The background: A wave of labor actions swept America starting in
1935. Sit-down strikes became all the rage and even General Motors and
Ford caved. The largest steel company, U.S. Steel, avoided a strike by
offering workers--under pressure from new CIO chief John L. Lewis--but
companies known as Little Steel (though hardly small) across the
Midwest and Pennsylvania, refused to even recognize the new Steel
Workers Organizing Committee.

More than 70,000 at those plants declared a strike in late-May, 1937.
When some set up picket lines outside Republic Steel in South Chicago,
police swung nightsticks and more than two dozen were injured. So they
scheduled a family picnic to mobilize support on a broad field several
blocks from the Republic plant on May 30. Well over one thousand
turned out on this hot, sunny day, including many women and children,
dressed in their Sunday best. Organizers called for a ragged march to
the plant for legal, mass, picketing.

When they were halted by hundreds of Chicago police, armed with
pistols and some carrying axe handles or tear gas provided by
Republic, a few minutes of heated discussion ensued. Some marchers
tossed stones or a tree branch, and police lost patience with the
crowd, which included women and children, when they failed to disperse
as ordered. Suddenly police hurled tear gas bombs and then fired
dozens of shots.

About 40 marchers would be shot as they fled across the open prairie,
including an 11-year-old boy, the vast majority wounded in the back or
side. (Ten would die that day or in days ahead.) Dozens more would
suffer head wounds after police clubbed the retreating marchers.
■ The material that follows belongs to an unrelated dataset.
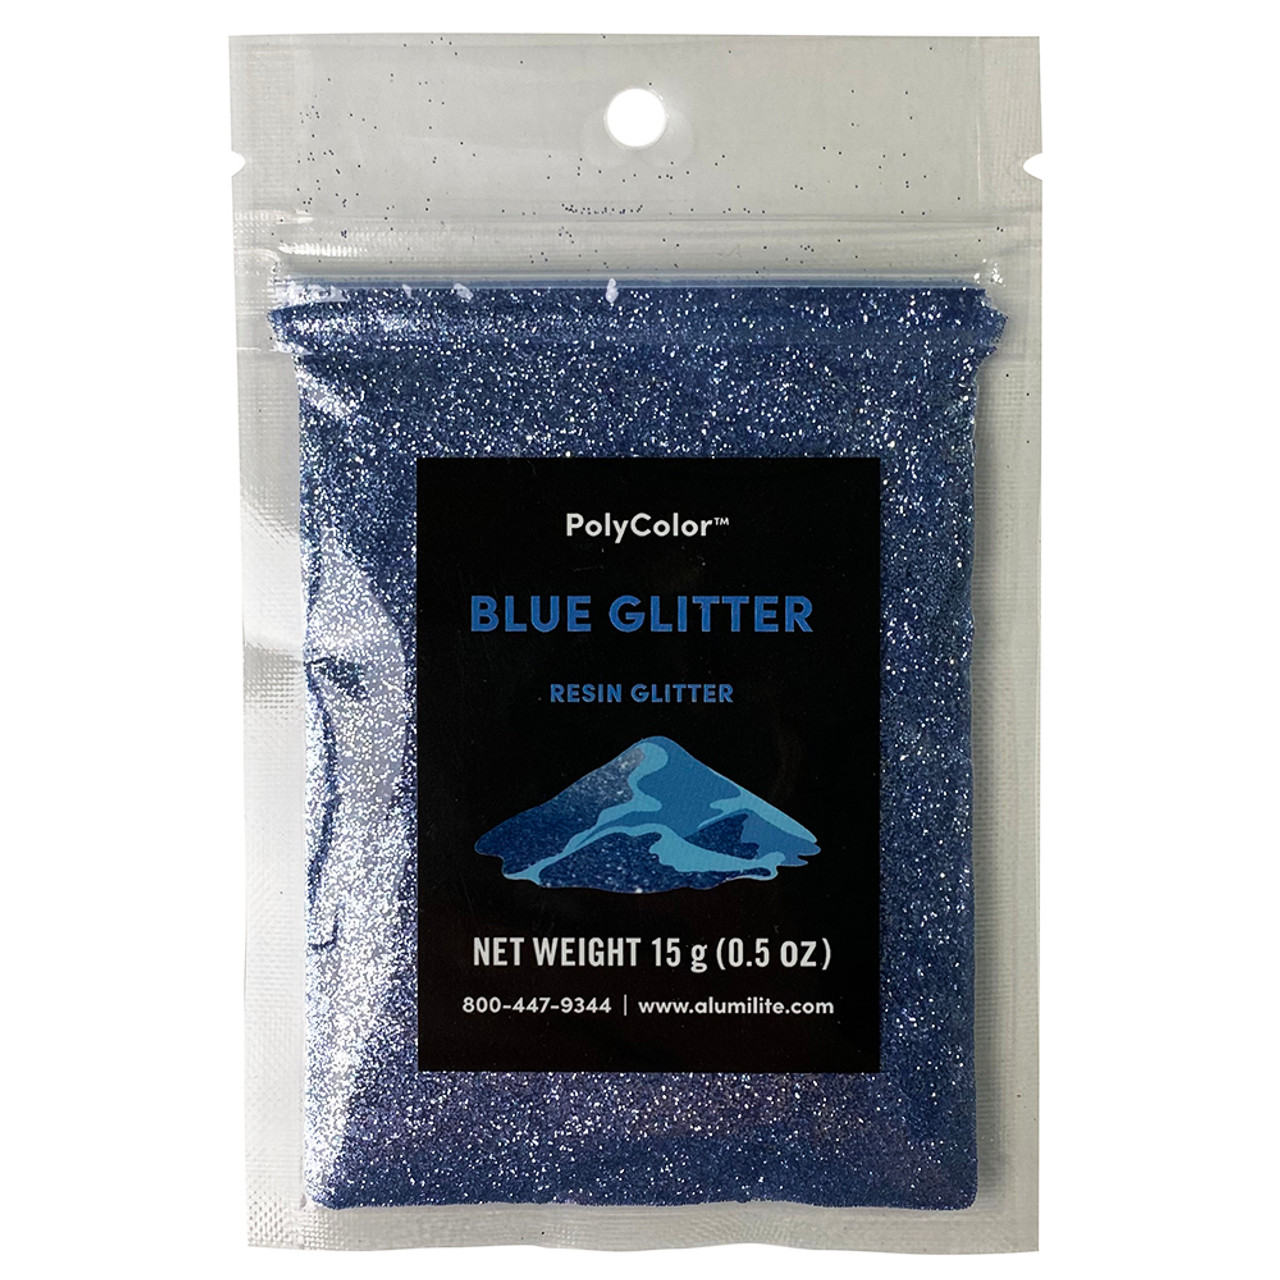 PolyColor Resin Glitter

Police did not call ambulances or administer first aid but instead
arrested the wounded and shoved them into paddy wagons for trips to a
prison hospital and other distant medical facilities. Only a handful
of police suffered injuries, all minor.

Newspapers across the country (including _The New York Times_) almost
invariably described the marchers as a “mob” of “rioters” who
left no choice but for police to fire shots to keep them from
attacking the plant. After two weeks of this, it emerged that a
leading newsreel company, Paramount News, had a cameraman on the
scene. He had filmed almost the entire confrontation and ugly
aftermath. But Paramount failed to release the four-minute newsreel it
prepared, claiming they feared it might set off riots in movie
theaters, but more likely to protect Chicago police and officials.
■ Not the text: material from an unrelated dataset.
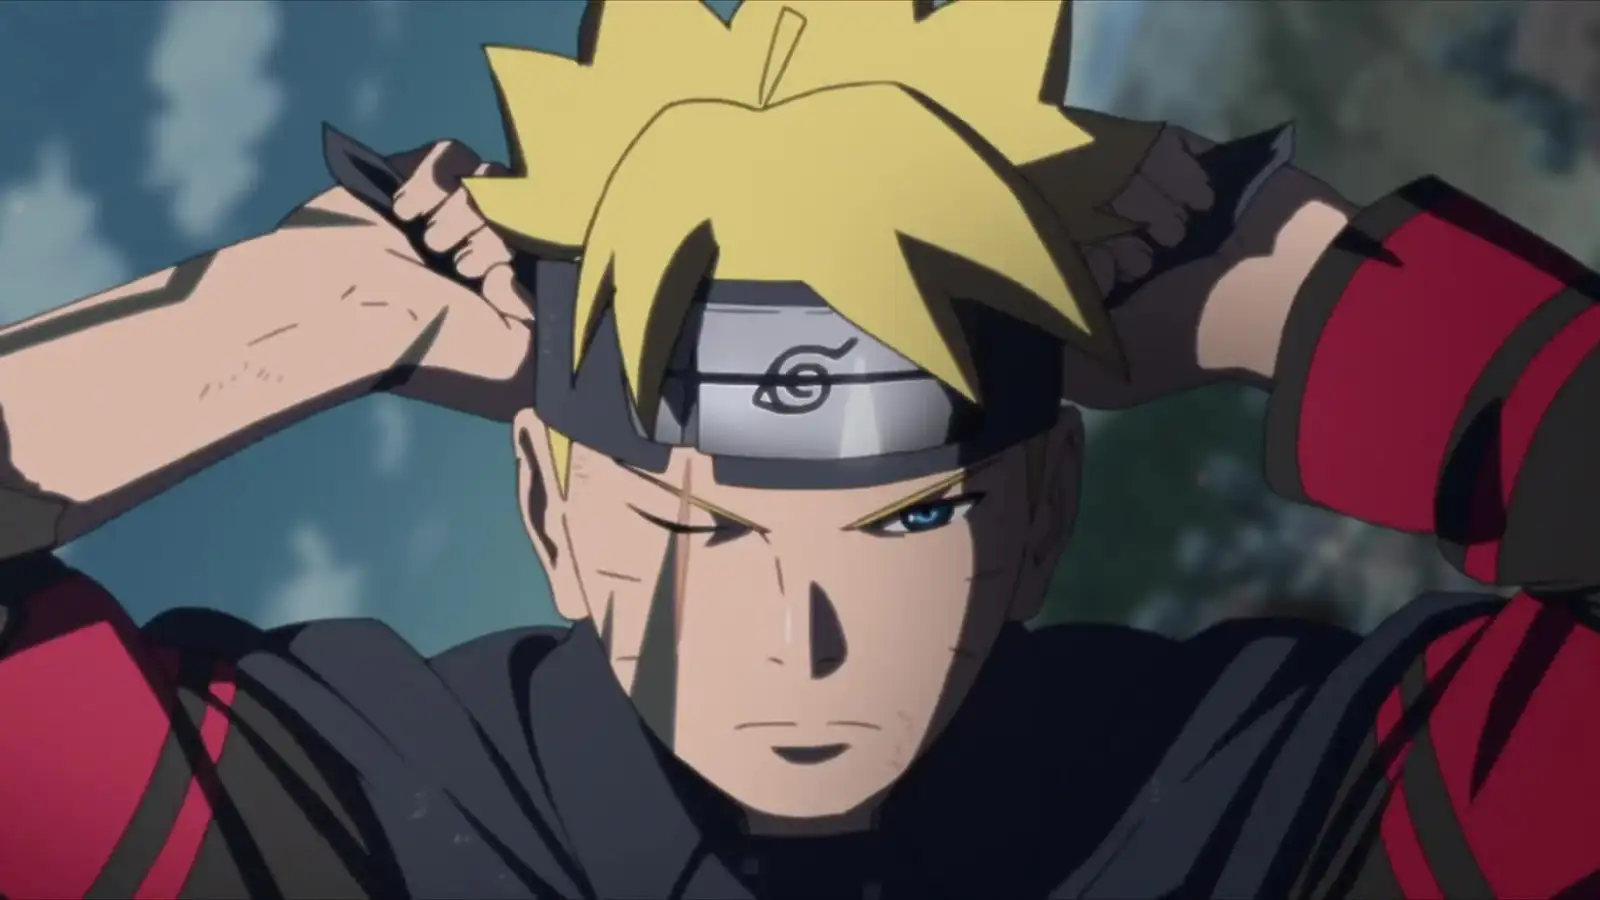 Boruto: Naruto the Movie's New Manga One-Shot Previewed - News - Anime News  Network

This sparked a Senate subcommittee, under the Wisconsin progressive,
Robert M. La Follette, Jr., to subpoena the footage. A staffer leaked
it to investigative reporter, Paul Y. Anderson, who wrote a
sensational report picked up by many newspapers. At the
well-publicized hearings called by La Follette at the end of June the
footage was screened for the first time.

Paramount now had little choice but to release a newsreel devoted to
the incident. Screenings, however, would be banned in cities such as
Chicago and St. Louis, or by entire theater chains. The Senate report
would place full blame on police for the massacre. Yet a coroner’s
jury in Chicago would judge the killings “justifiable homicide.”
No police would be punished. Dozens of unionists had been wounded,
jailed or fined.

Workers at the steel plant returned to the plants without a contract,
but they would win recognition and most of their demands a few years
later. And there was this positive result: Strike leaders in nearly
every field now tried to avoid violent conflicts at all cost and
police were determined to control labor actions without the use of
firearms.

Today, police shootings of unarmed citizens remain far too common, and
often unpunished. But there is this further legacy of 1937 massacre:
It provoked the first calls for police to be equipped with cameras to
document arrests—anticipating the dashboard-cams and body-cams that
reveal so many of the unjust shootings today.

GREG MITCHELL is the author of a dozen non-fiction books and director
of a new film for PBS, Memorial Day Massacre:  Workers Die, Film
Buried, which premiered on May 6 over KCET in Los Angeles and is now
available everywhere via PBS.org and PBS apps.  He is also the author
of the Memorial Day Massacre companion book, the first oral history on
the tragedy, with commentary by everyone from wounded eyewitnesses to
Gore Vidal, Howard Zinn, Studs Terkel and John Hope Franklin.  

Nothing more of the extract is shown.